To address the uneven computational burden imposed by client-side resource heterogeneity in federated learning (FL), this paper proposes FedConv. It trains lightweight submodels directly in compressed convolutional form, eliminating decompression overhead. FedConv introduces the novel “learning-on-model” paradigm—the first approach enabling end-to-end training of compressed submodels. It further designs a transposed-convolution-based expansion mechanism to unify aggregation of heterogeneous submodels while preserving personalized parameters. Complemented by joint optimization on the server using a small public dataset, FedConv achieves an average accuracy improvement of 35.2% across six benchmark datasets, while reducing computational cost by 33.1% and communication cost by 24.8%, significantly outperforming existing FL methods.

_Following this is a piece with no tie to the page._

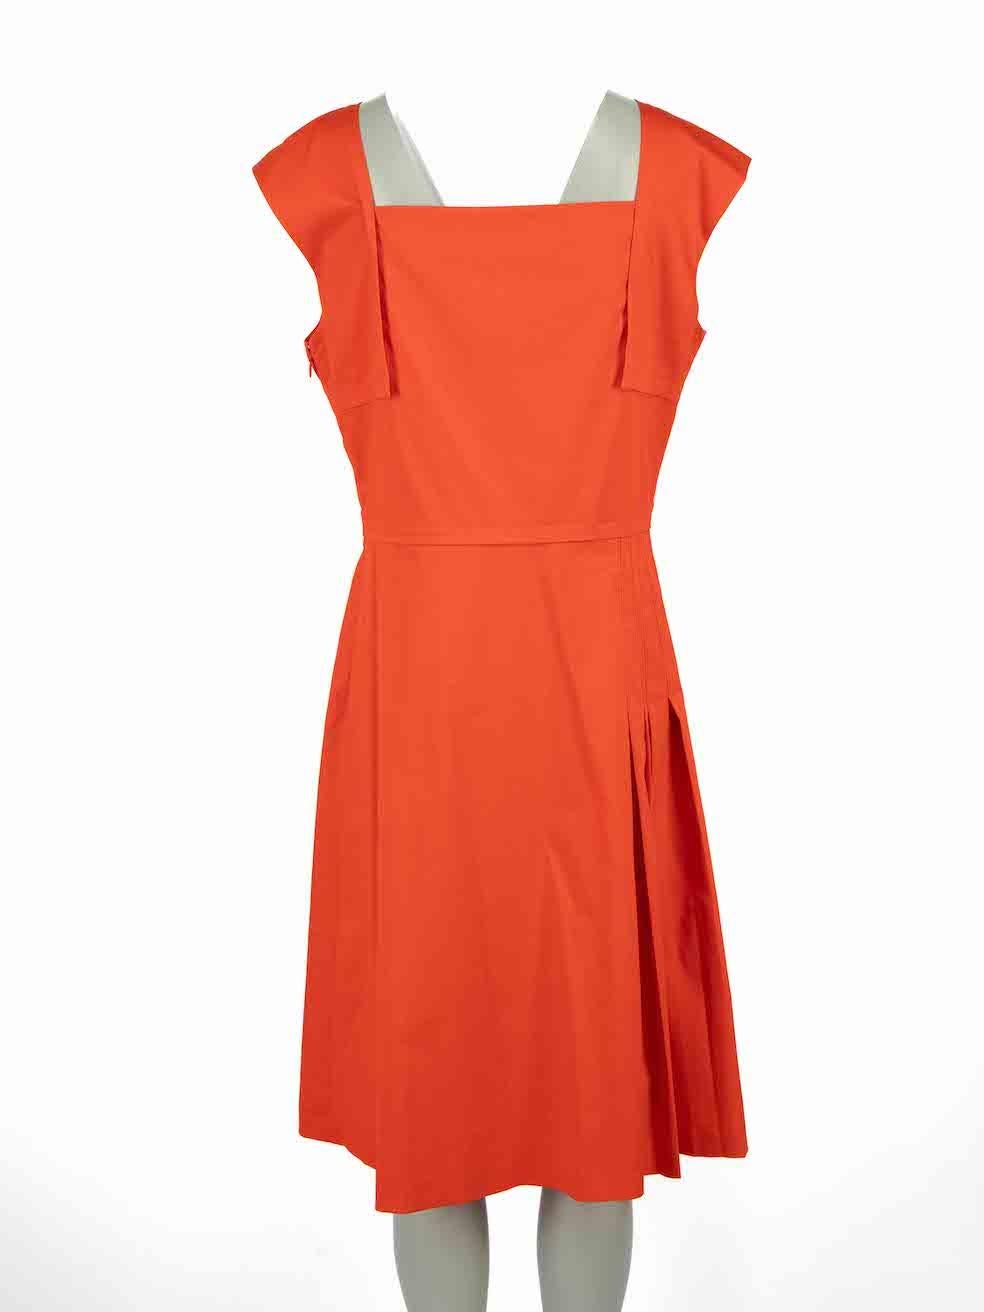 Salvatore Ferragamo Orange Knee Length Dress Size XL In Excellent Condition For Sale In London, GB

Federated Learning (FL) facilitates collaborative training of a shared global model without exposing clients' private data. In practical FL systems, clients (e.g., edge servers, smartphones, and wearables) typically have disparate system resources. Conventional FL, however, adopts a one-size-fits-all solution, where a homogeneous large global model is transmitted to and trained on each client, resulting in an overwhelming workload for less capable clients and starvation for other clients. To address this issue, we propose FedConv, a client-friendly FL framework, which minimizes the computation and memory burden on resource-constrained clients by providing heterogeneous customized sub-models. FedConv features a novel learning-on-model paradigm that learns the parameters of the heterogeneous sub-models via convolutional compression. Unlike traditional compression methods, the compressed models in FedConv can be directly trained on clients without decompression. To aggregate the heterogeneous sub-models, we propose transposed convolutional dilation to convert them back to large models with a unified size while retaining personalized information from clients. The compression and dilation processes, transparent to clients, are optimized on the server leveraging a small public dataset. Extensive experiments on six datasets demonstrate that FedConv outperforms state-of-the-art FL systems in terms of model accuracy (by more than 35% on average), computation and communication overhead (with 33% and 25% reduction, respectively).